All perceptual features can be weighted and equalized to determine the modification of the coefficients:

C(f,,c,b,l,x,y)'=C(f,c,b,l,x,y)*(1+W)

where W is the weight combining all perceptual features.

A rough estimate of the watermark embedding complexity, where, for convenience, the complexity is estimated from the above operands. It should be noted that the operands may vary depending on the precise way the operation is defined, the watermarking and masking processes implemented, etc. However, it can be determined that, given the relatively small number of coefficients (on the order of 1/1000 of the image size) required to be accessed by the method of the invention and the relatively small number of operations per coefficient, the method of the invention is robust and computationally flexible.

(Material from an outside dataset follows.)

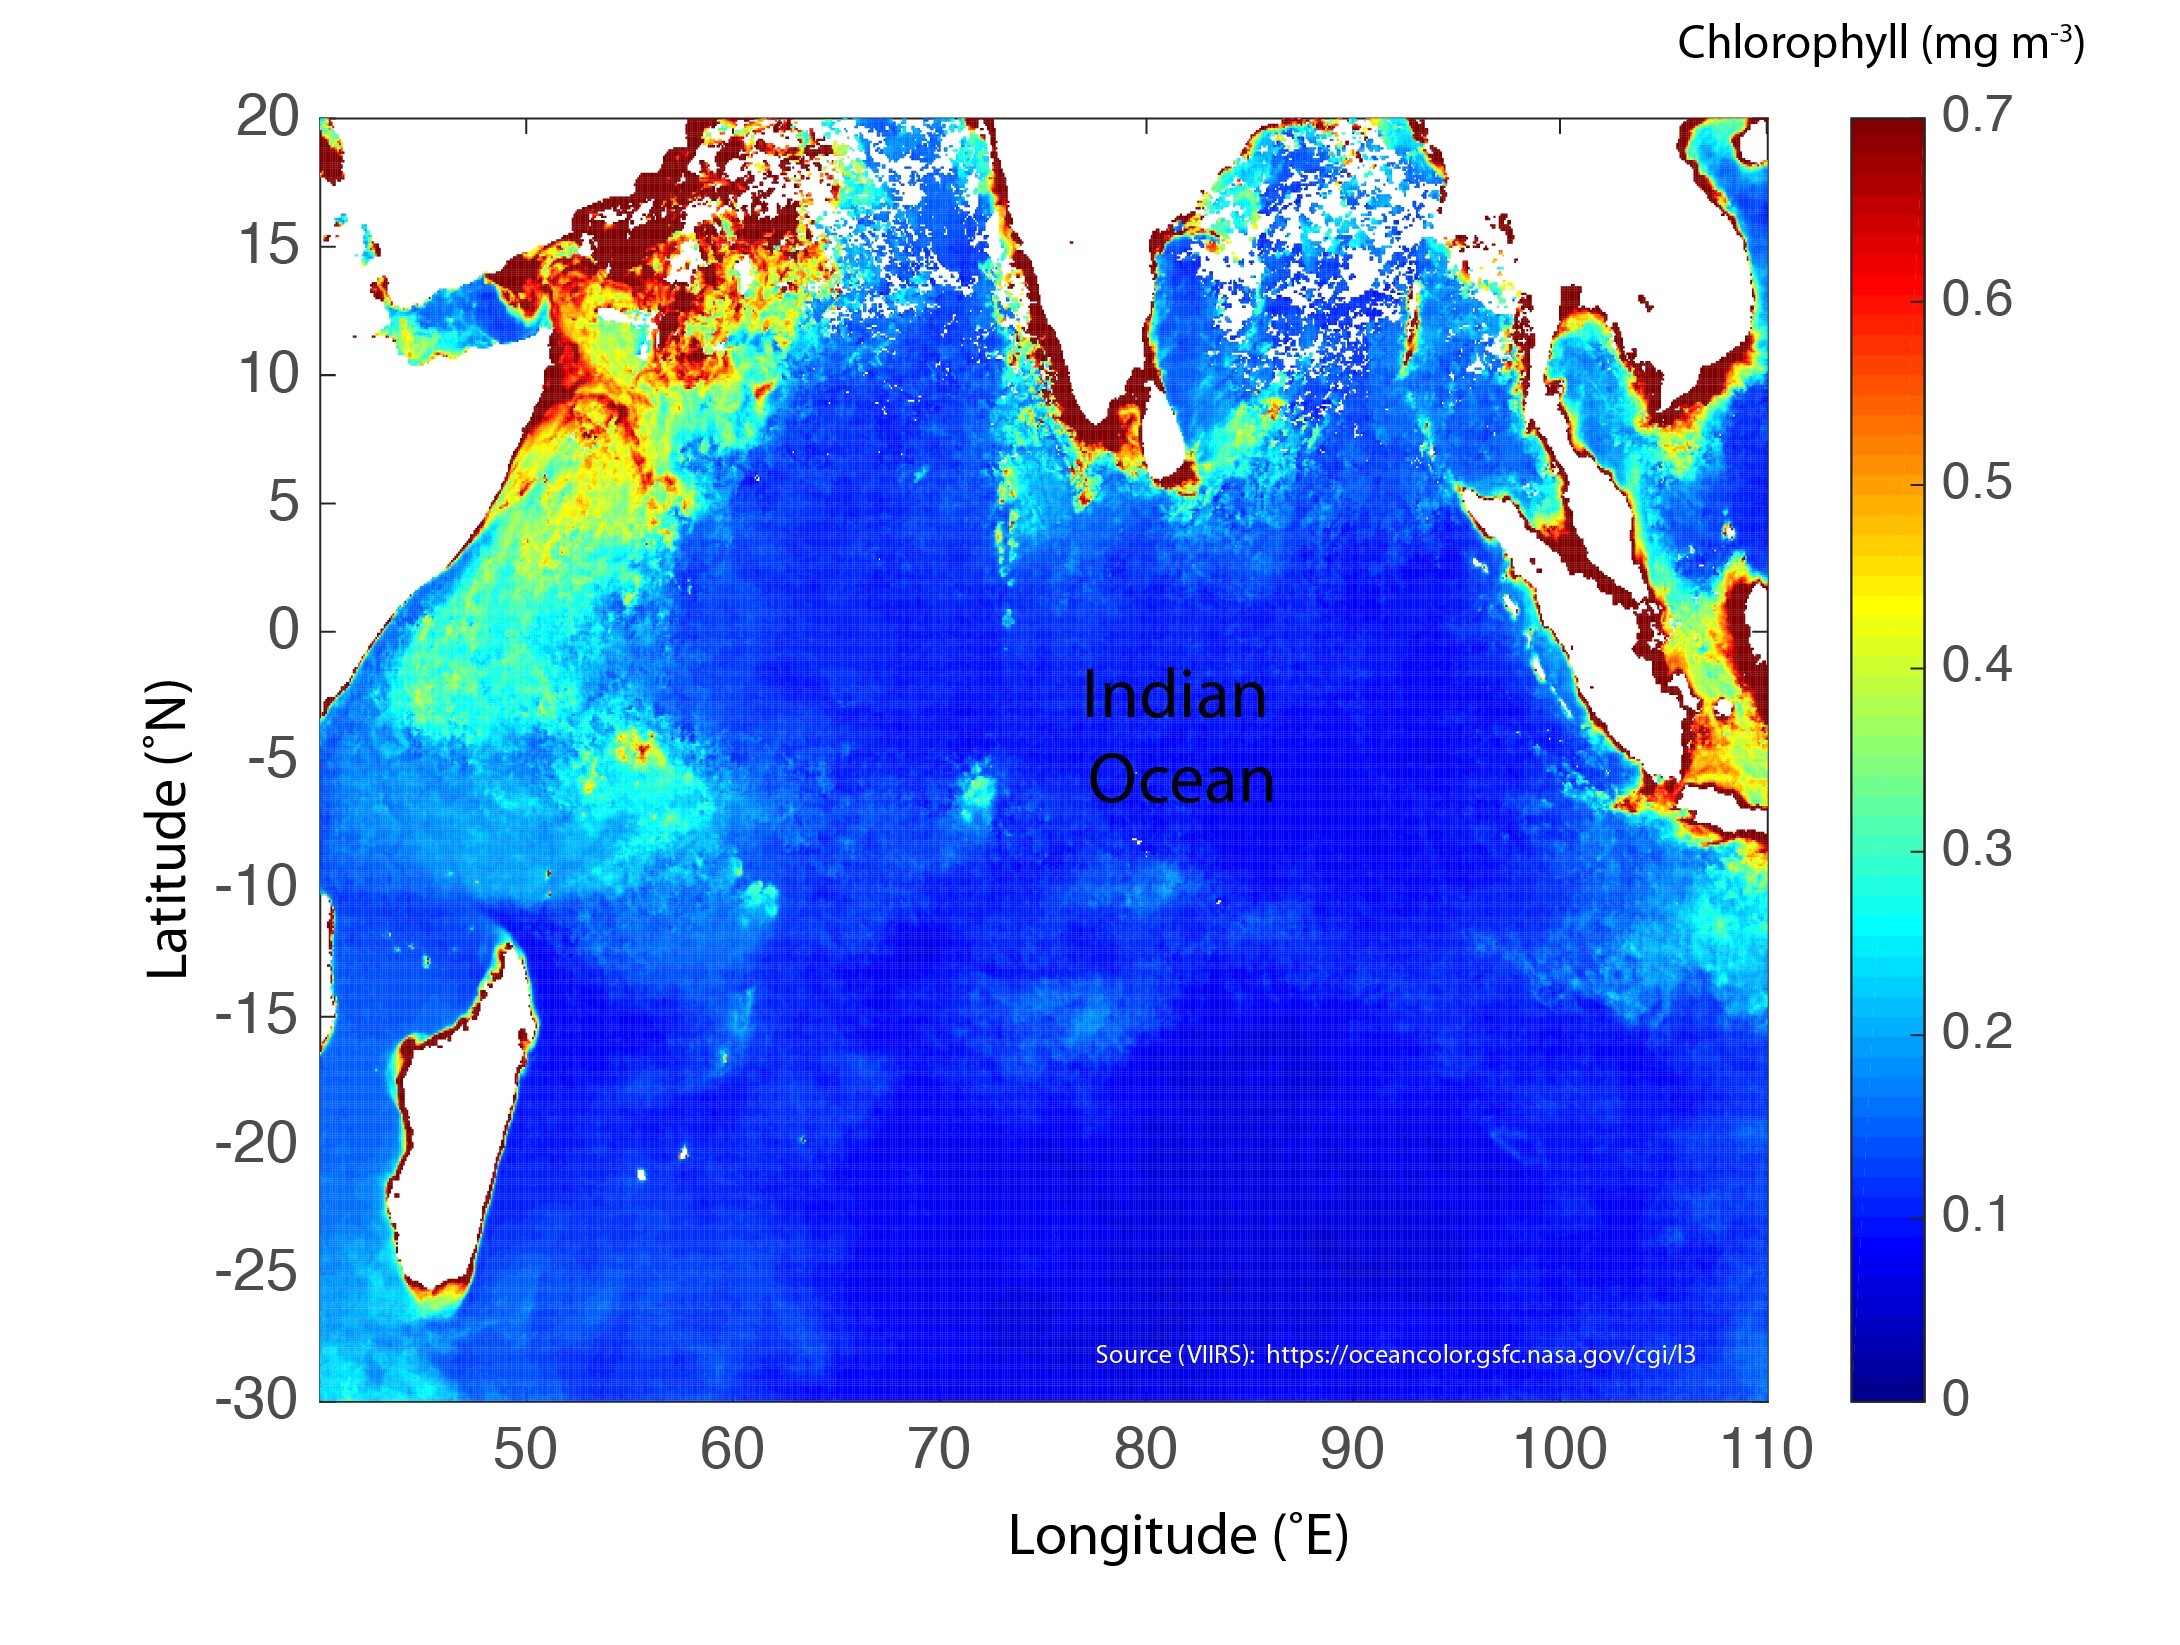 Chlorophyll concentrations in the Indian Ocean
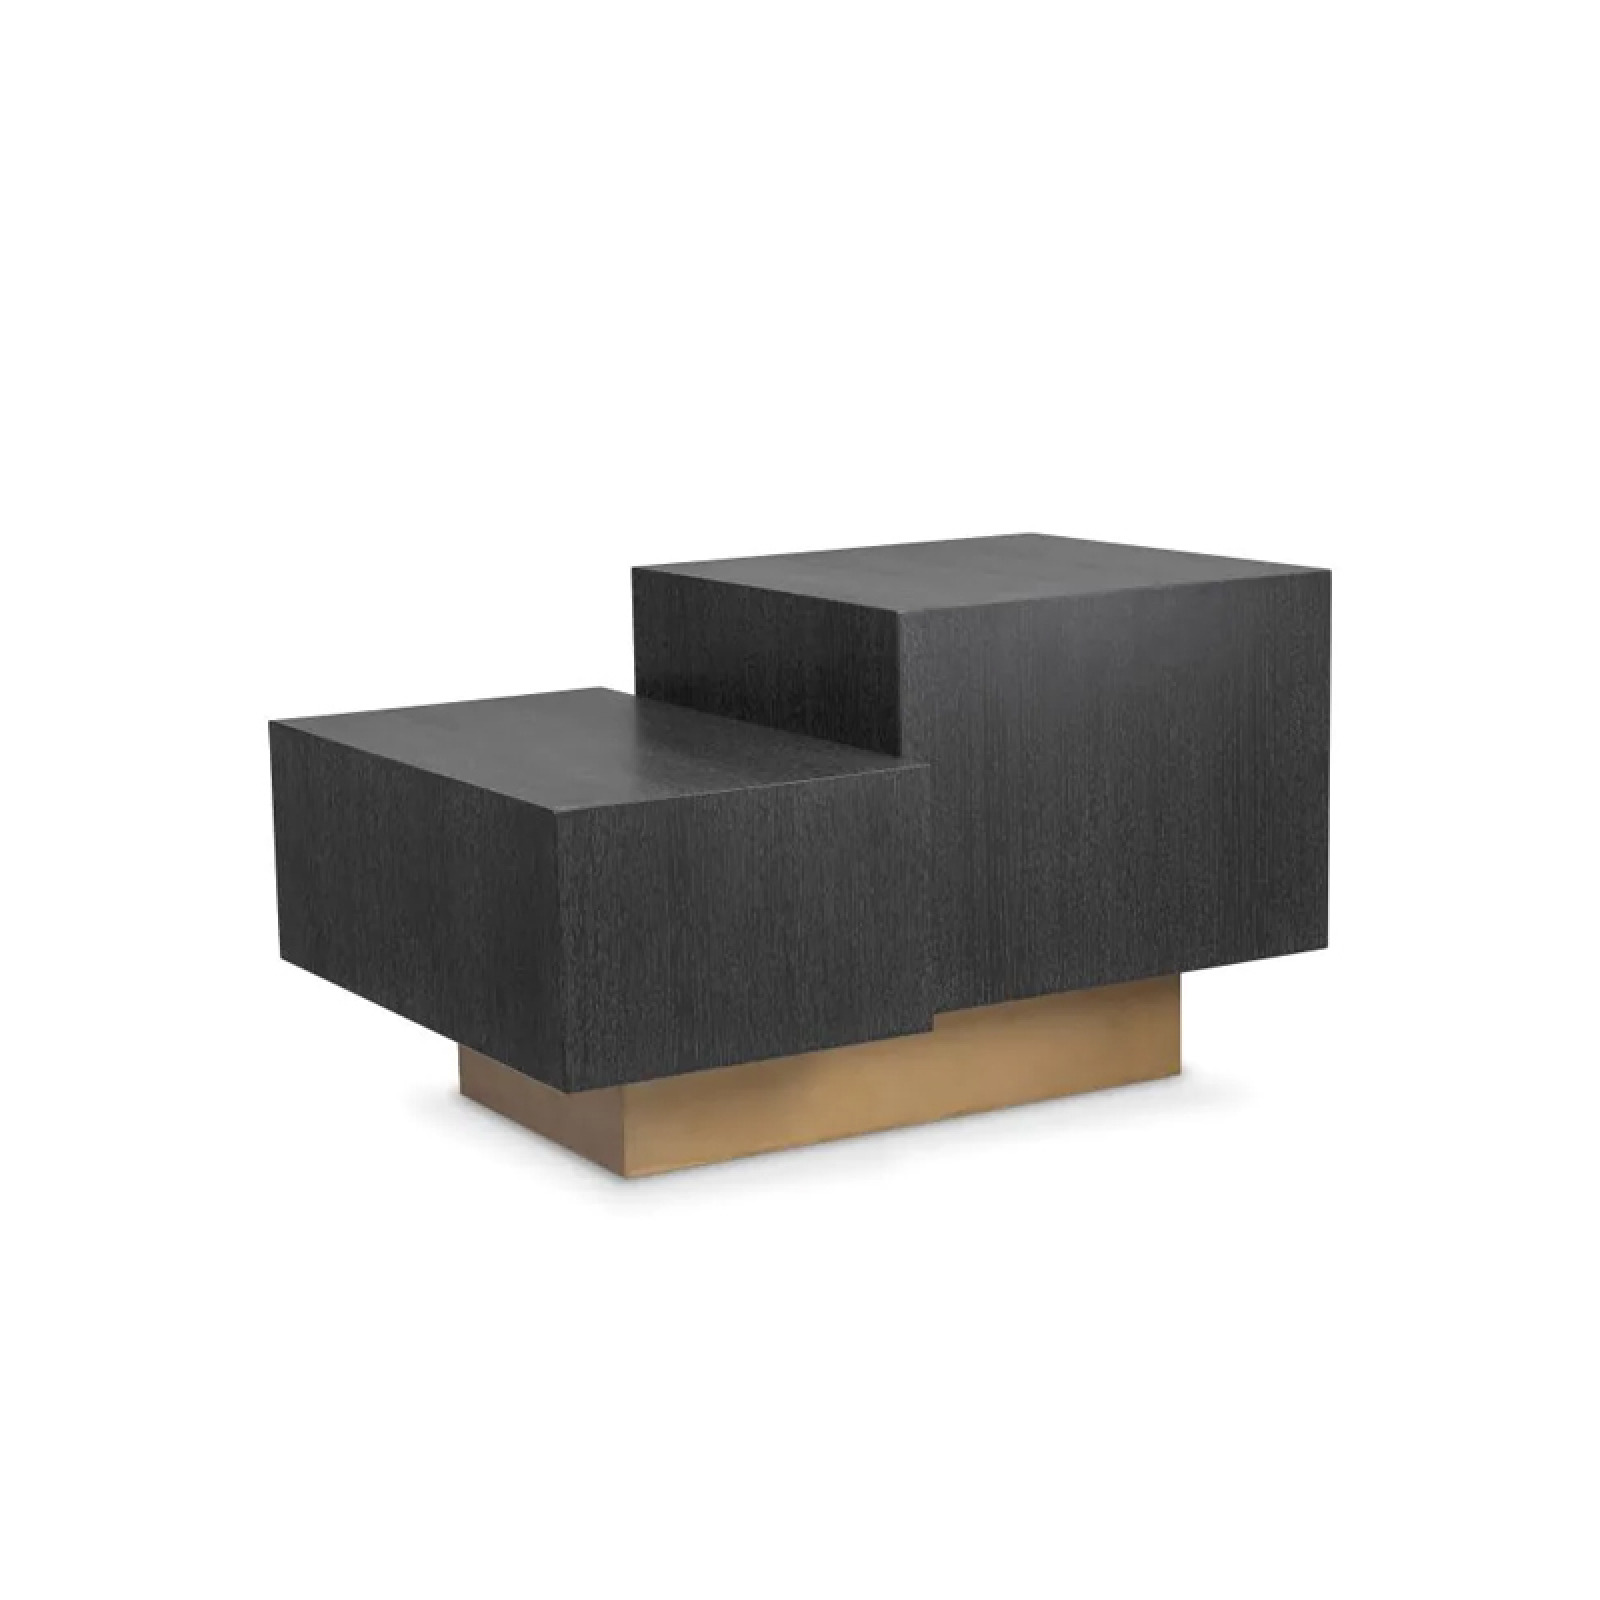 Nerone side table

Referring now to FIG. 7 , watermark detection generally includes four steps: video preparation 705 , attribute value extraction and calculation 710 , bit value detection 715 , and decoding 720 of embedded (watermark) information. A test is performed at 725 to determine if the watermark information was successfully decoded. If the watermark information is successfully decoded, the process is complete. If the watermark information is not successfully decoded, the above process may be repeated.

Video preparation itself includes scaling or resampling of video content, synchronization and filtering of video content:

• If frame rates differ between embedding and detection, resampling of the transformed (warped) video must be done. This is usually the case since the frame rate for embedding is 24, while at detection it could be eg 25 (PAL SECAM) or 29.97 (NTSC). Perform resampling using linear interpolation. The output is the resampled video.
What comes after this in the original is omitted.